The reason Emma Lee and Elvis live in Brooklyn, is, in short, paint. Sure, there’s plenty other reasons to call New York home… friends, a pretty decent writing gig, East River State Park, running to the Hudson early in the morning, sculpture and the constant possibility that Something Magnificent Will Happen Any Minute… but really, painting brought Emma Lee to Brooklyn in the first place (a gig at the Metropolitan), and it has kept them here.
So what’s doing in California? If painting were out of the equation, she could be living somewhere as far flung as Uptown Port Townsend right now, definetely within spitting of the Pacific. But art and culture do matter these days, so Emma Lee and Elvis went scouting on their trip out west to see what’s doing in San Fransicso. Here’s what they found.
The New Acadmey of Sciences, across the street from their dear DeYoung. It was overrun with six year olds (Elvis recommends knee pads and shin guards both), but the amazonian biosphere was splendid, as was the green green roof. The scuba diver was exciting, and the penguin demo adorable, but the underground aquarium had already sprung a leak and made all parties want to breath into a paper bag.

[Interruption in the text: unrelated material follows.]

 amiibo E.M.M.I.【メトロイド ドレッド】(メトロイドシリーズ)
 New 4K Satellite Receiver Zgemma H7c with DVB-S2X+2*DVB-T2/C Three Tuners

The manta ray the CAS touted wasn’t near as cool as the one that Elvis, Emma Lee and the Little FIsh saw a few days later at the Albany Bowl. Nature in Nature! Or rather, Nature eating the slime off a pile of earthquake-refuse-cum-peninsula dotted with a varietal of all-but-burned effigies that reminded Elvis of Burning Man, man.

Speaking of art made of trash, the best stuff Elvis saw at the gallery buidling at 49 Geary was on the second floor, the Jeremy Mora show at Mark Wolfe Contemporary. It was a step away from Isaac Brock’s tiny cities made of ashes…little paper homes, perched precarious atop on rocky outcrops of Styrofoam and assorted crap. In gallery light, the hard wax still looked slick, threatening like some paraffin mud slide to return the tiny TIms —and us with them—to the muck that the tiny structures had risen above. It’s more than minitature that made Mora enjoyable, his humor made them right, warts and all. The glitter and gold helped.

Elvis visited SFMoMA and the Bay Area Now 5 at Yerba Buena. At both institutions, his stocks stayed firmly around his ankles, his laces tightly knotted. Just around the corner, however, Elvis just about lost his shit for the Xanadu Foundation. The international folk art gallery is fine and good, but it is housed in the original Morris Gift Shop, the 1948 Frank Lloyd Write building that followed its big brother Guggenheim into a spiral-ramped, circle-windowed world of architectural goodness.

The verdict? LACMA is an hour twenty away by plane, and had enough of the paint that Elvis thought he could find his art fix out west. But in the meantime, he’s going to go to an architectural league lecture tonight, the editions/art book fair this weekend. He’s going to dress up as a great white shark for Halloween, check out the Montebello tribute show, and be thankful that he lives in Brooklyn.